Here's a simple example of how you can change distances without moving. The distance between the Sun and Alpha-Centauri is about 4.3 light years. If a small black hole passed in between, the gravitational effects on the two stars would be negligible—yet the direct line distance between the two would become infinite. The two stars haven't moved; rather, you have changed the nature of space in the in-between region. The black hole has an infinitely deep space warp surrounding it. Of course, if you want to travel between the two stars, just go around—avoid the black hole.
Perhaps you've read about wormholes, those theoretical objects in current relativity theory. We don't know of any that exist, but they do appear to be possible. Physicists love to play with the concept. They can connect two parallel universes, or two parts of a folded universe. (A folded universe has three special dimensions that are curved in a fourth special dimension.)

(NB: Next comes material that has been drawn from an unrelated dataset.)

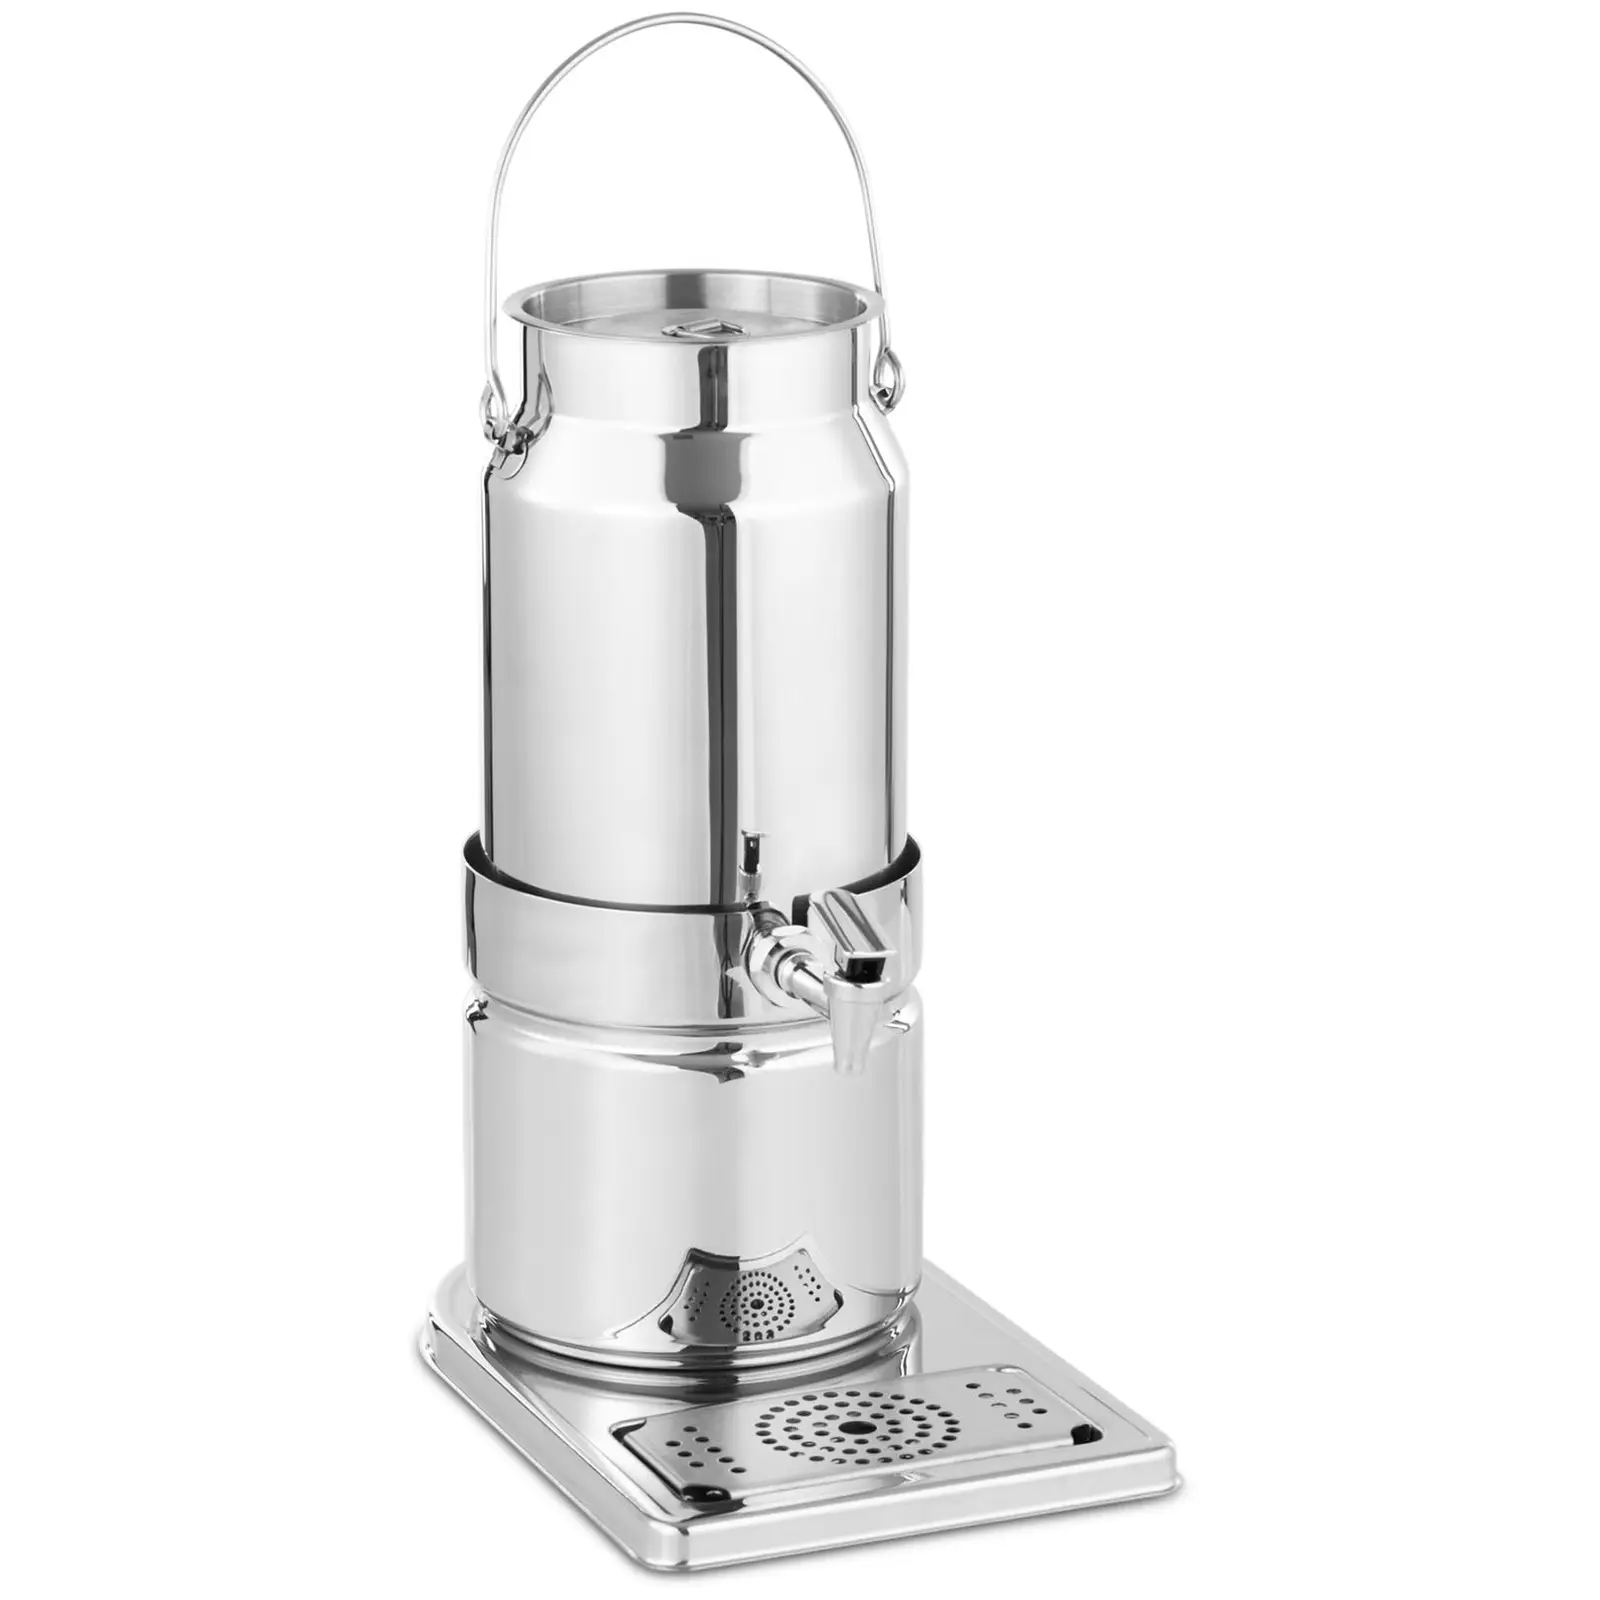 Milk Dispenser - Stainless steel - 5 L

To make physics sense of the movement of the island in Lost, I assume that the island is actually connected to the South Pacific by a wormhole-like warp in space-time. (It doesn't have to be a simple worm hole; it could be a warren of parallel and intersecting tubes.) Then, to move the island, all you have to do is move the wormhole connection, not the island itself. That's what I think Ben did. He changed the nature of the space-time connection between the island and the rest of the world.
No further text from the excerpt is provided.